Record extracts>
----------------------------------------

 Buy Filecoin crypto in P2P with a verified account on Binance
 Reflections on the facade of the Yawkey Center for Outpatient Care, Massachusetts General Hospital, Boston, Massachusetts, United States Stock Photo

----------------------------------------

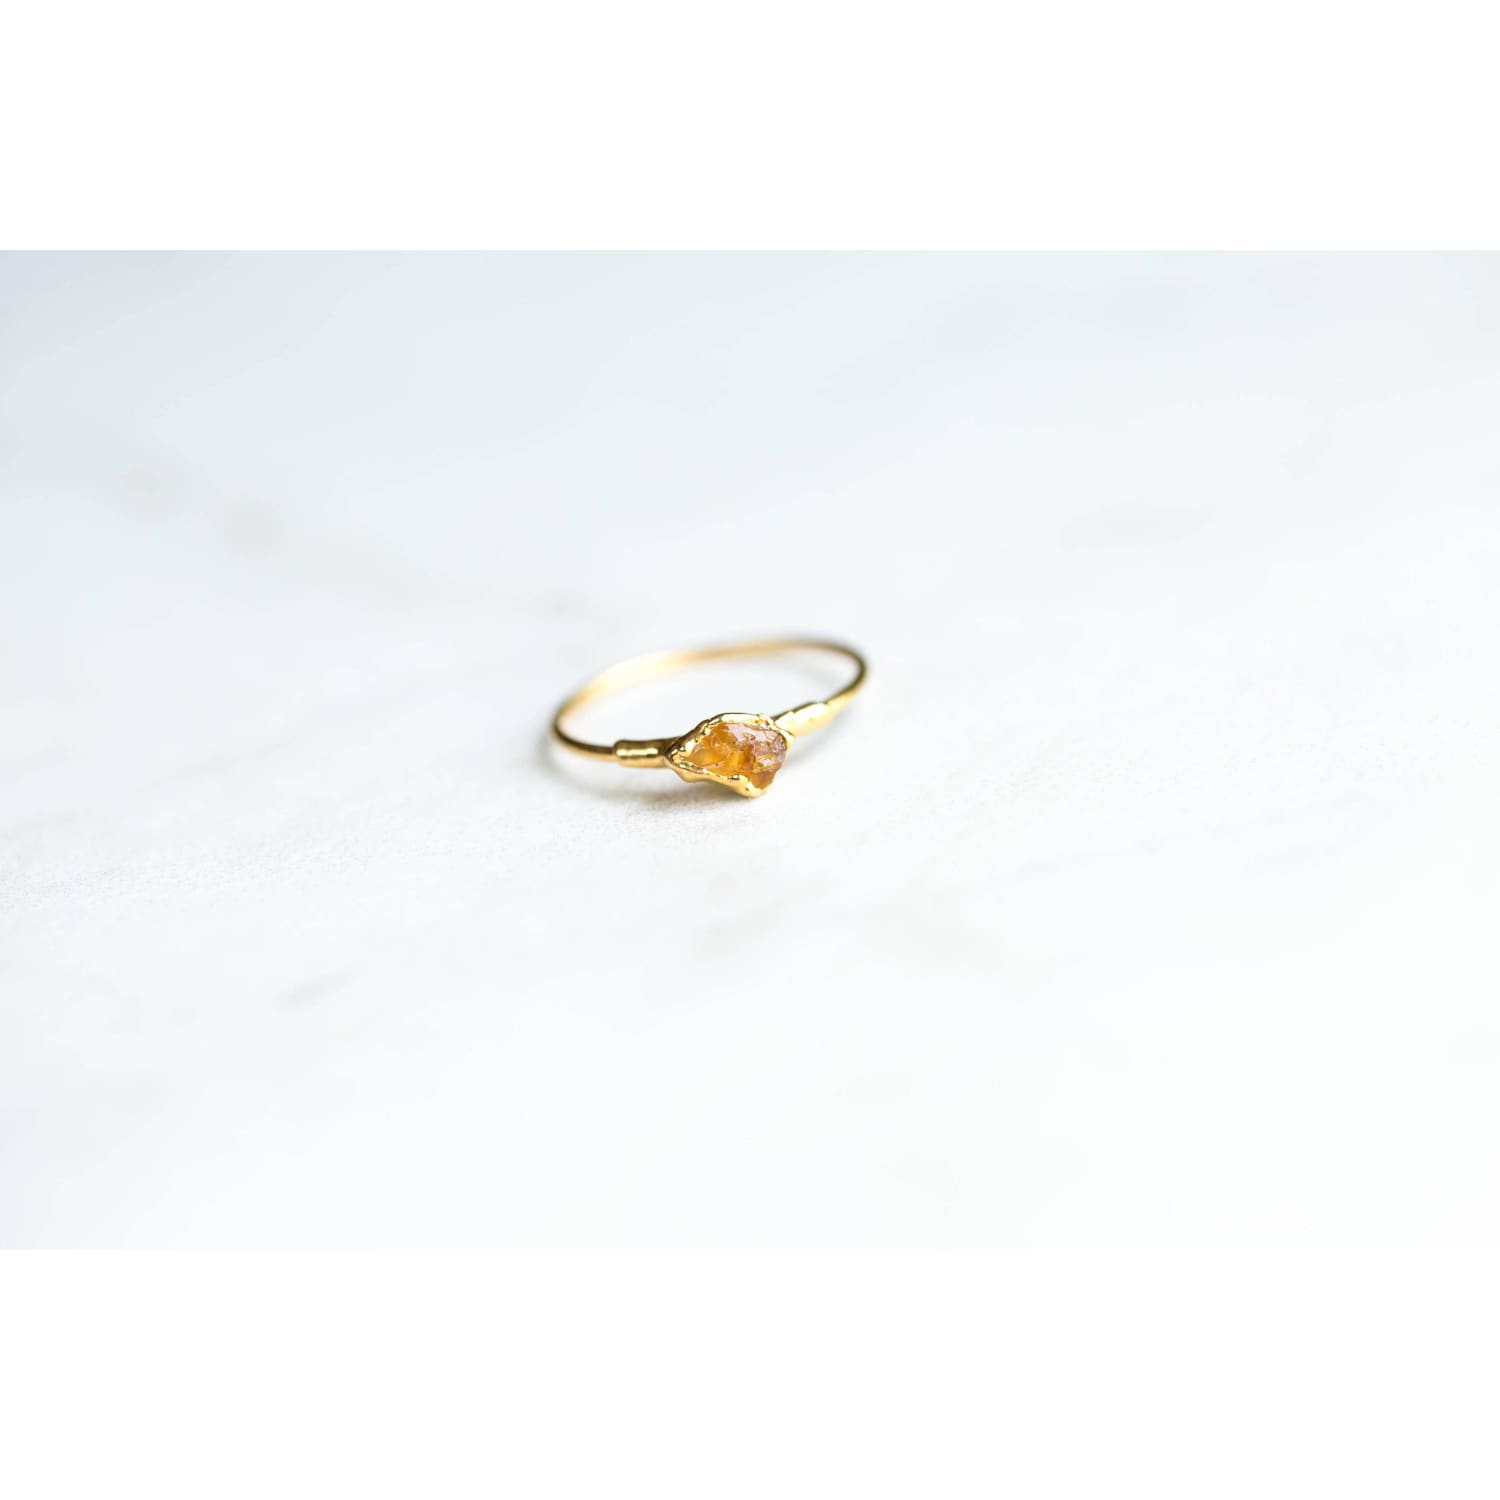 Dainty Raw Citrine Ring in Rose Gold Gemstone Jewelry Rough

----------------------------------------

Exercise requirements> I'd like the lines above from the one with "Buy Filecoin crypto" up to and including the one with "Reflections on the" copied exactly, with no other lines.

The answer>
 Buy Filecoin crypto in P2P with a verified account on Binance
 Reflections on the facade of the Yawkey Center for Outpatient Care, Massachusetts General Hospital, Boston, Massachusetts, United States Stock Photo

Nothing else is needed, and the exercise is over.